> **WHAT TO PRODUCE**: The reply should hold only the lines from the one with "Wars Drinking Cup" to the one with "#Night #Eat #Heat", both ends kept, exactly as they appear below, without any pictures.

> **RECORDS FOR THIS TASK**:
--- START ---
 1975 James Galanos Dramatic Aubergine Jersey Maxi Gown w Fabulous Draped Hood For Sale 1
--- END ---
--- START ---
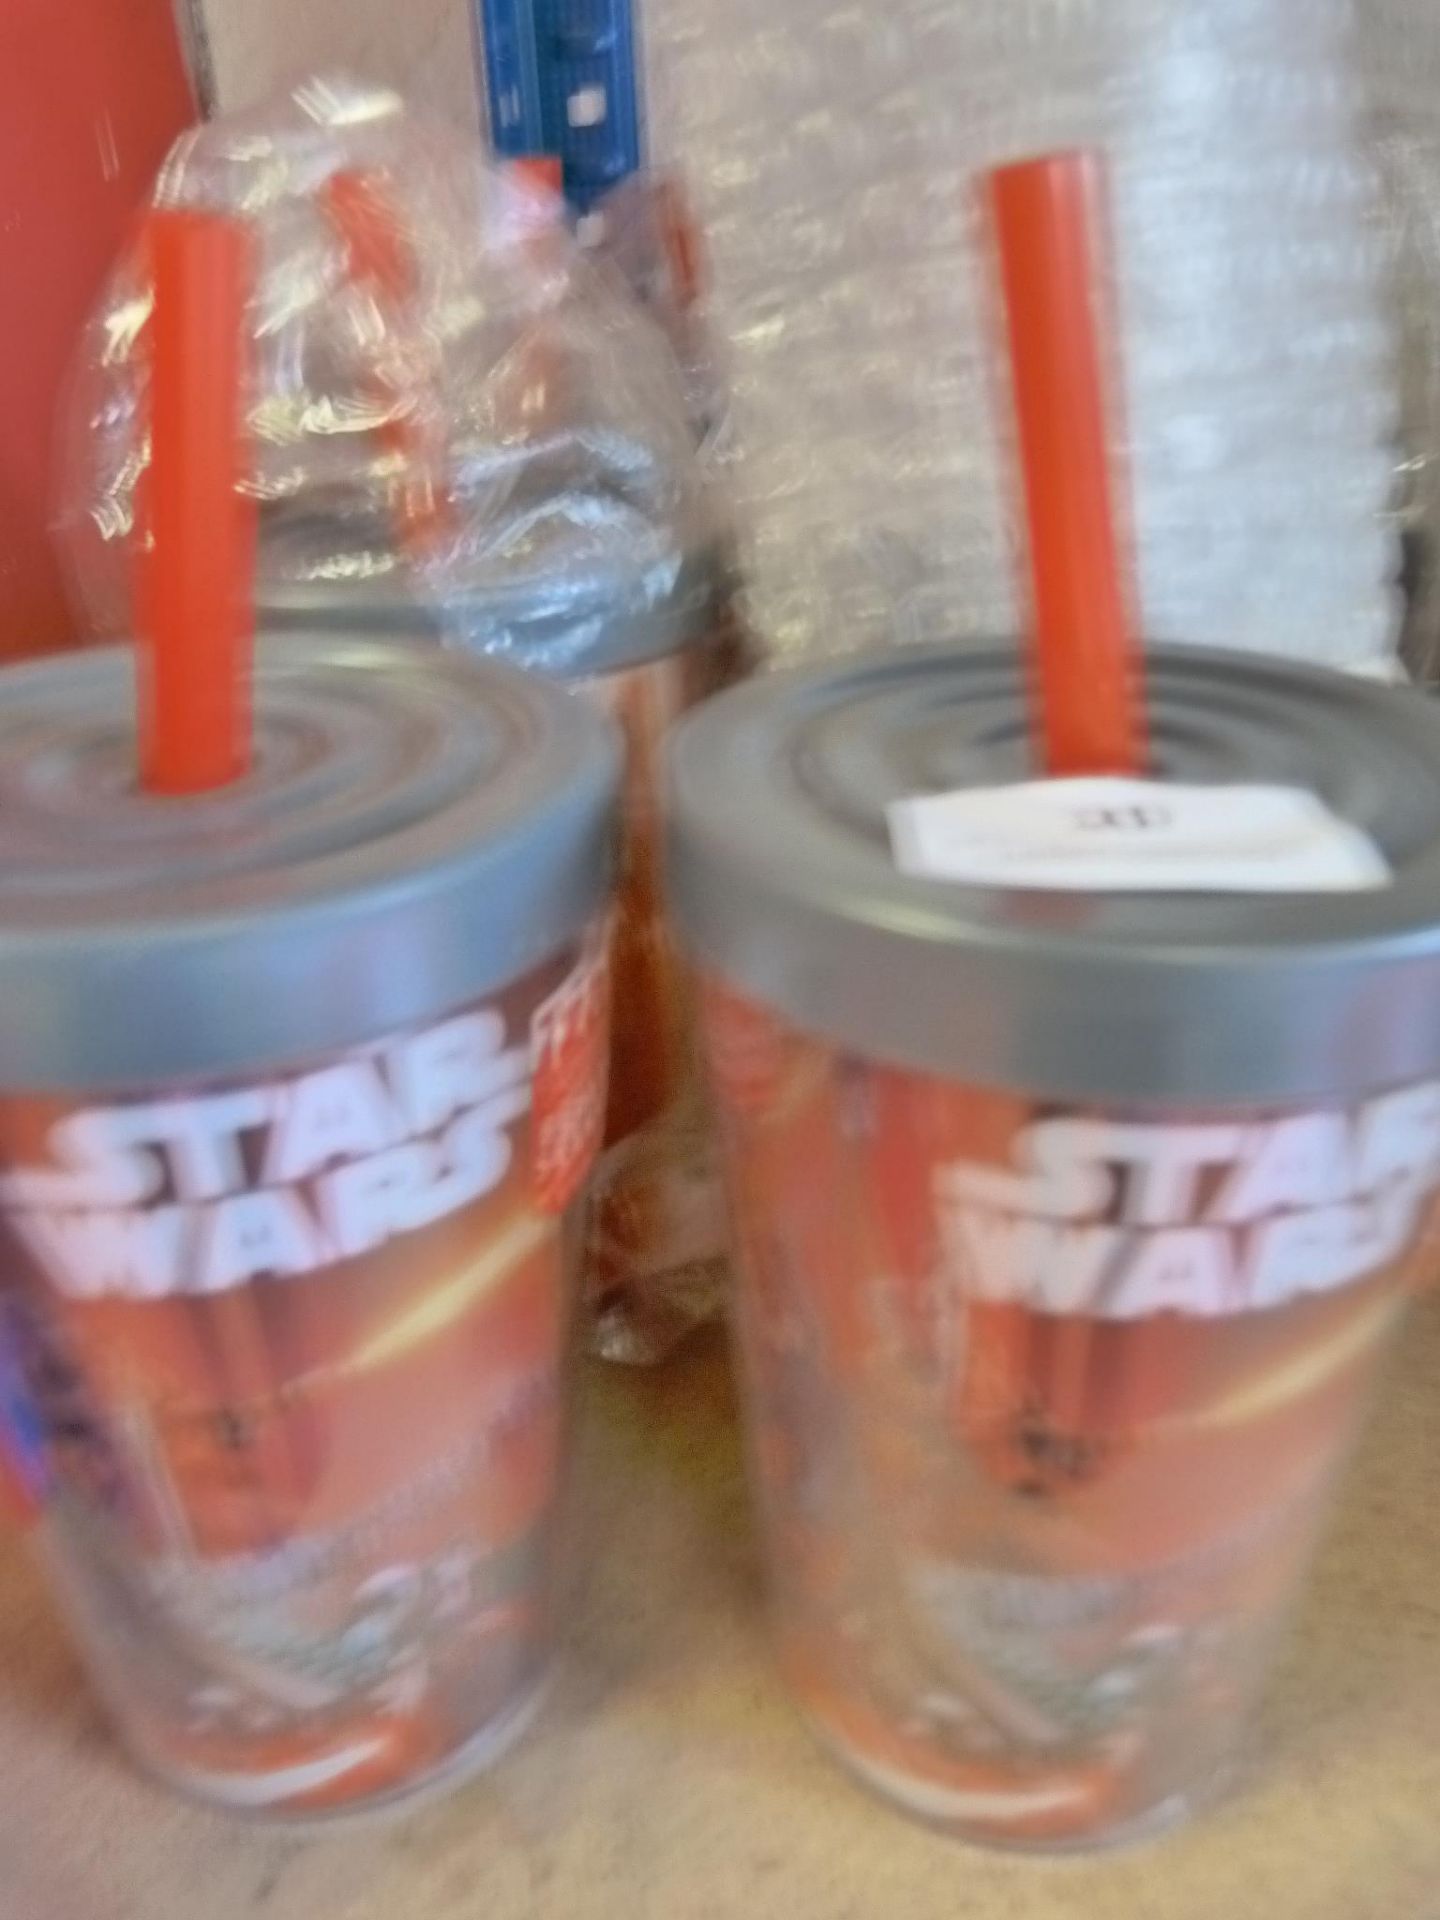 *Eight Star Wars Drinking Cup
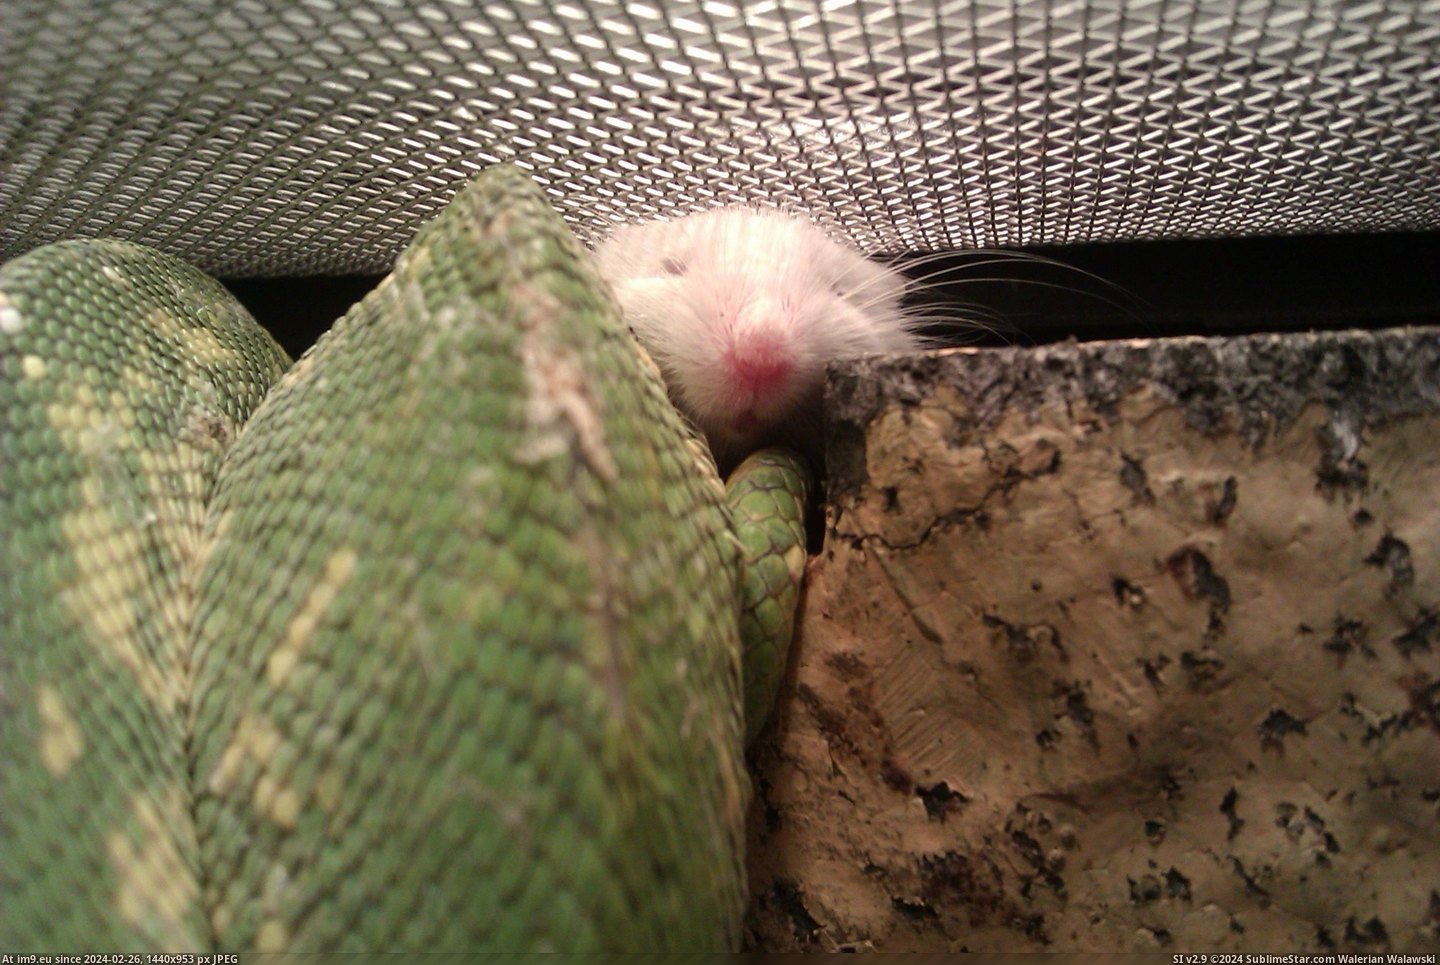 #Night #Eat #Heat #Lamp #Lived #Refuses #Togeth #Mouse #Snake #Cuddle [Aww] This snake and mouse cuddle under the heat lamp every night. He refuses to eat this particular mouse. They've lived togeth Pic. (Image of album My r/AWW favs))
--- END ---
> **RESPONSE AREA**:
 *Eight Star Wars Drinking Cup
 #Night #Eat #Heat #Lamp #Lived #Refuses #Togeth #Mouse #Snake #Cuddle [Aww] This snake and mouse cuddle under the heat lamp every night. He refuses to eat this particular mouse. They've lived togeth Pic. (Image of album My r/AWW favs))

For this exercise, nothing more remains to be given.